» WORK REQUIRED
Repeat every line of the listing below exactly, minus the pictures.

» GIVEN INFORMATION
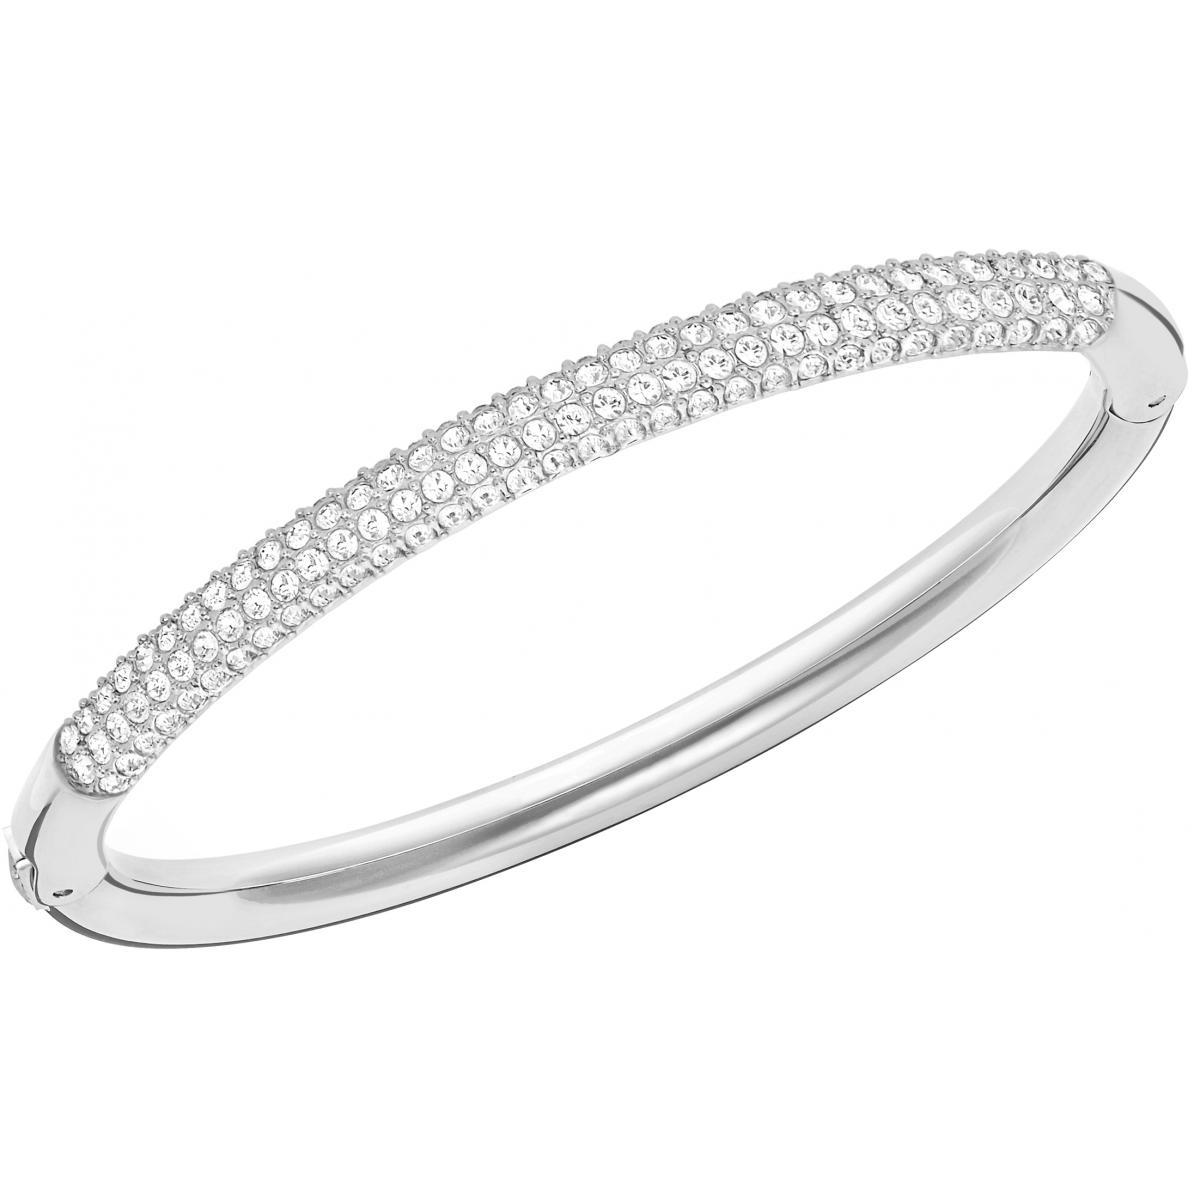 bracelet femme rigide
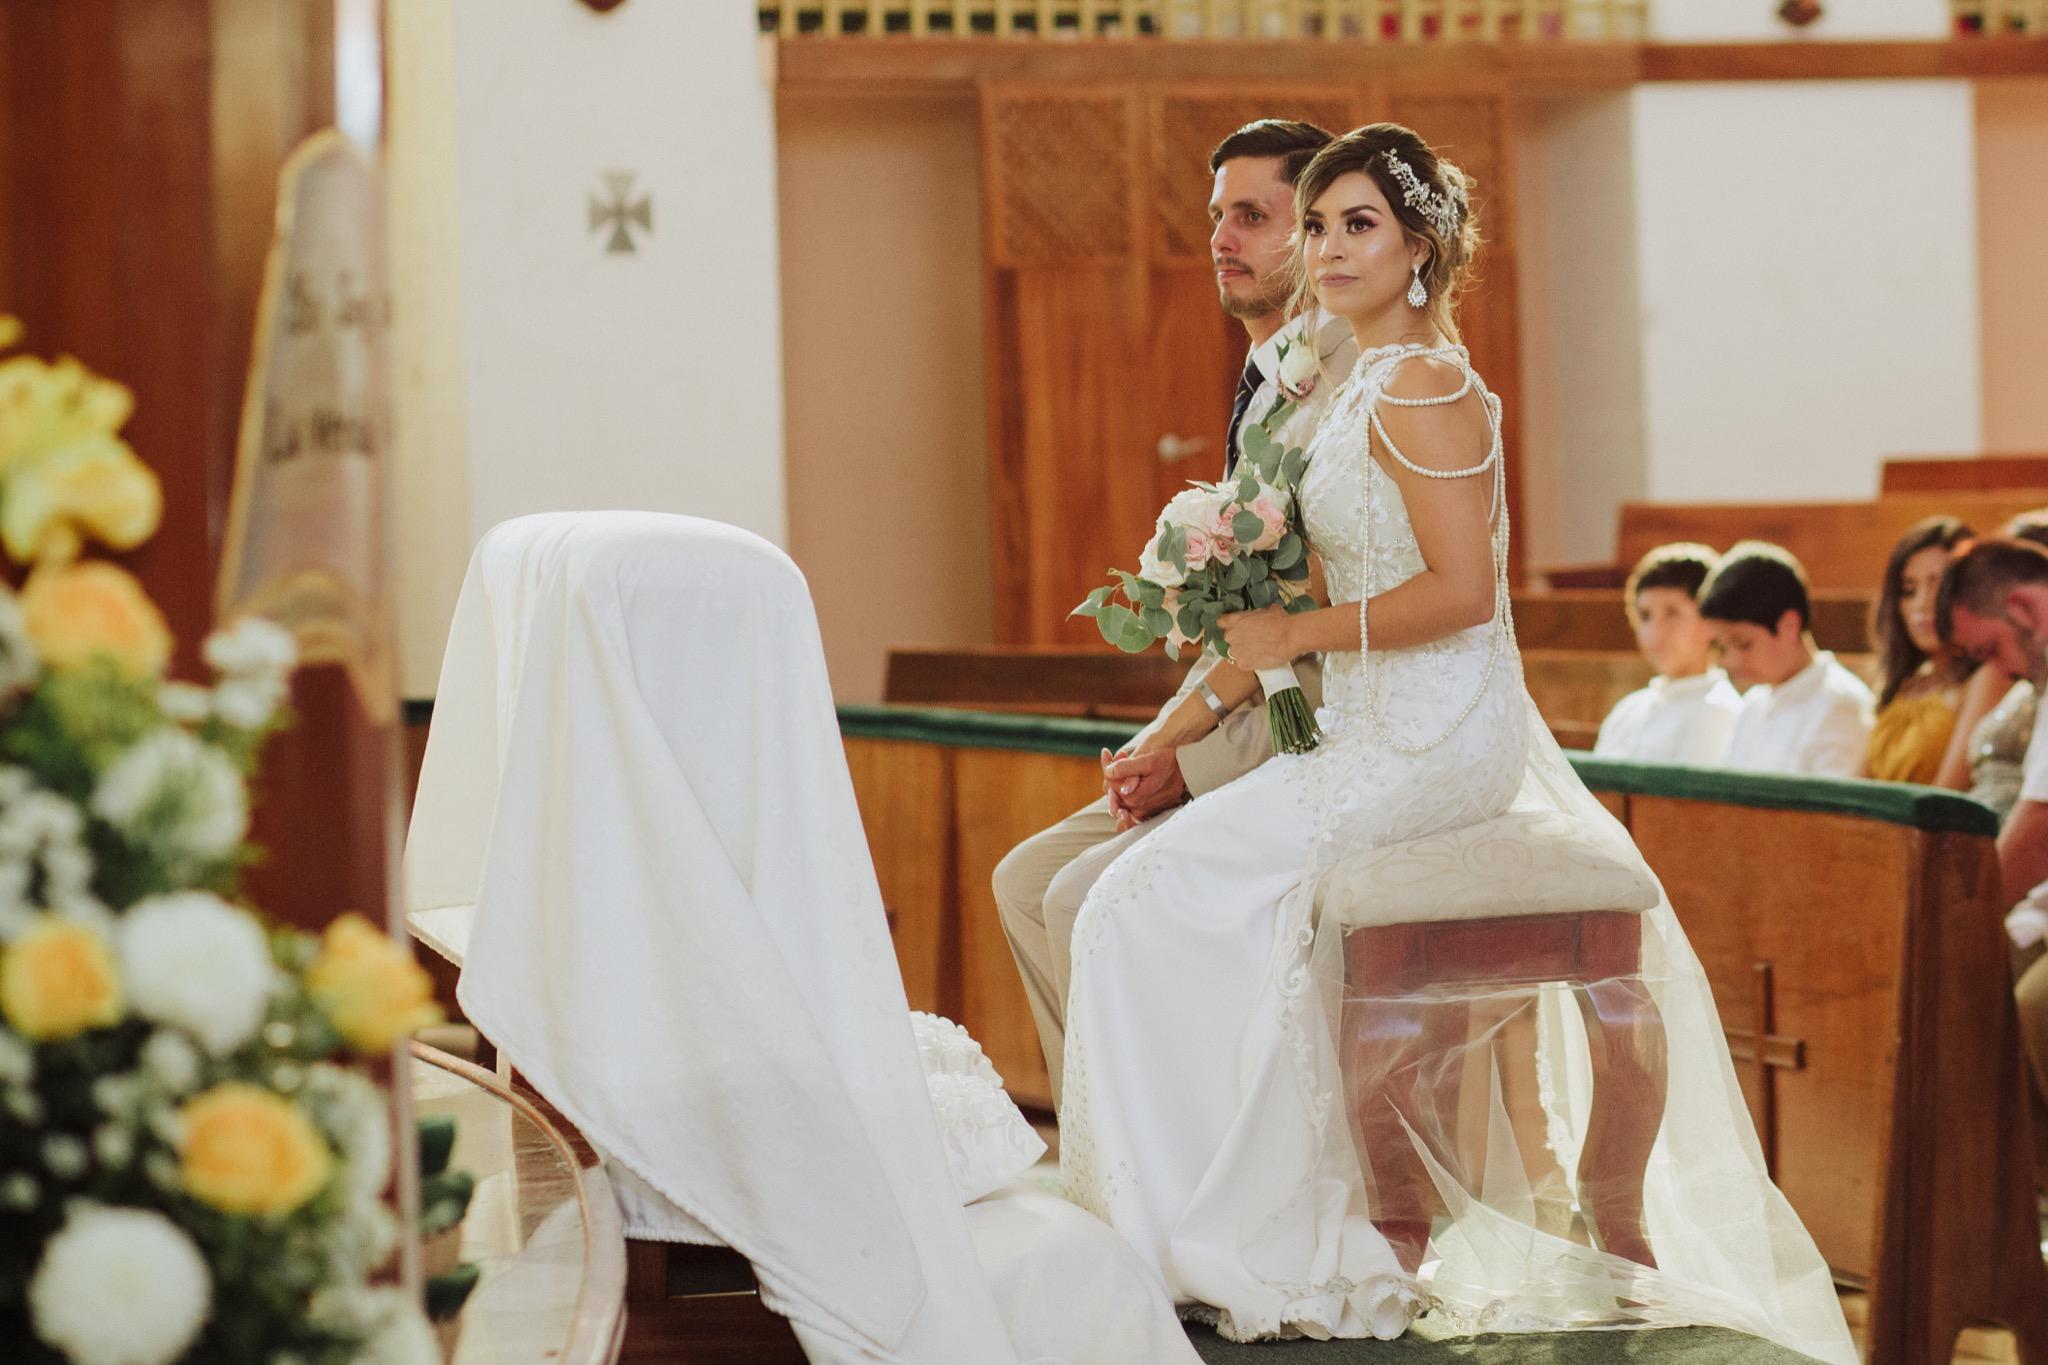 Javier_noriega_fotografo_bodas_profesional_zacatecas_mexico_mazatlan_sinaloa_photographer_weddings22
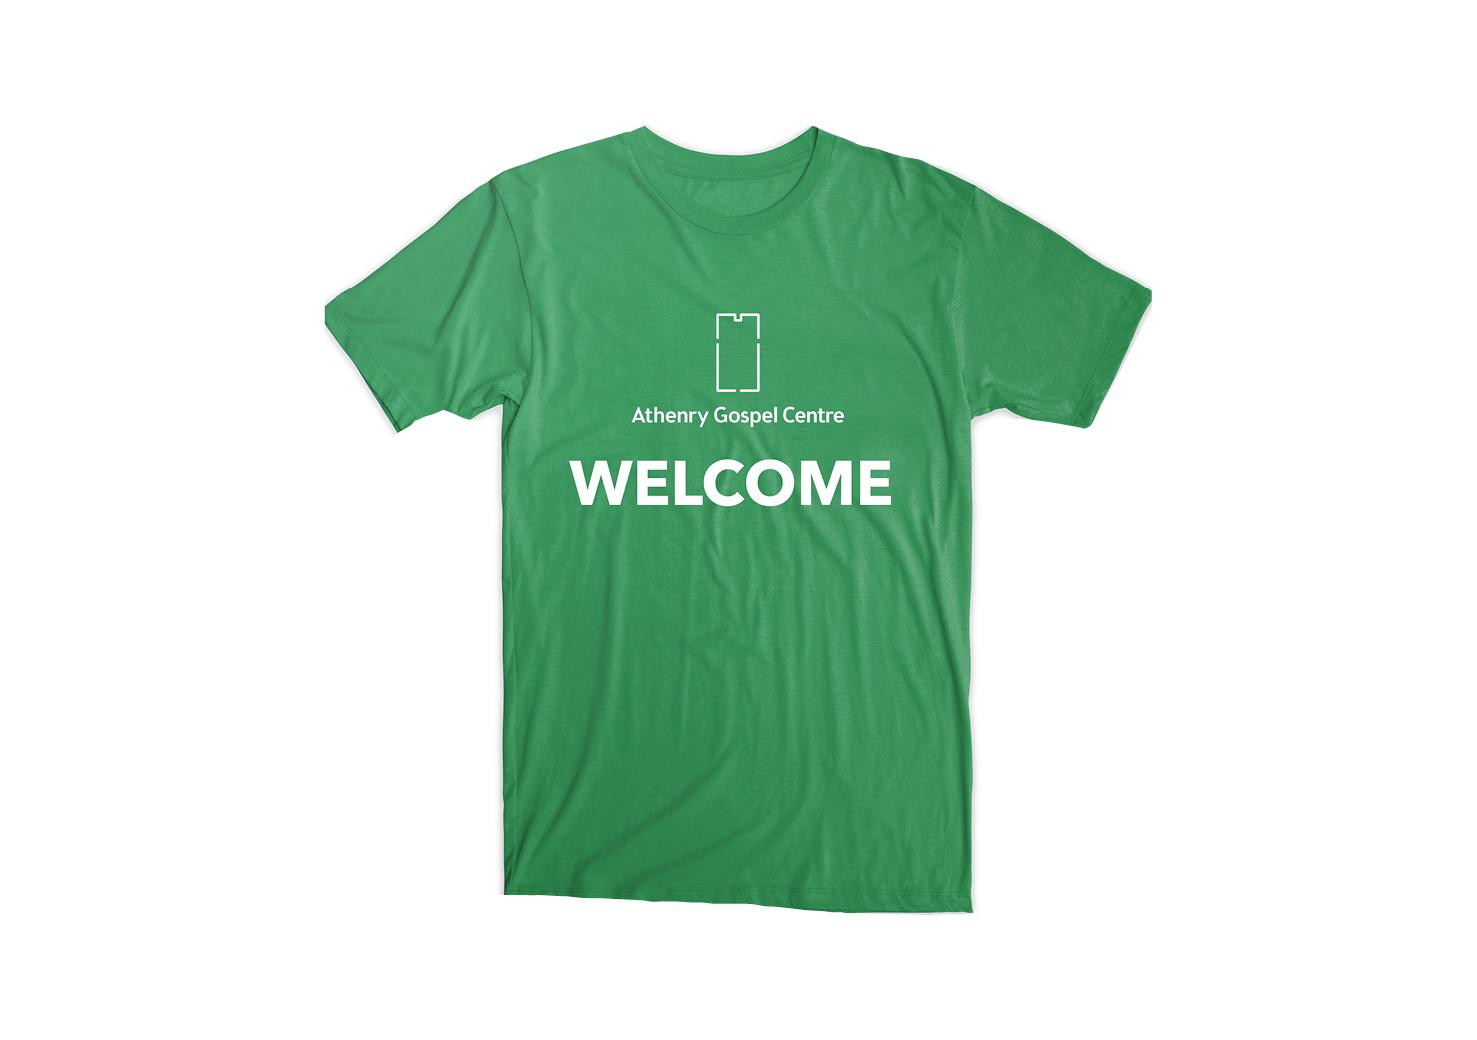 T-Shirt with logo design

» EXERCISE RESULT
 bracelet femme rigide
 Javier_noriega_fotografo_bodas_profesional_zacatecas_mexico_mazatlan_sinaloa_photographer_weddings22
 T-Shirt with logo design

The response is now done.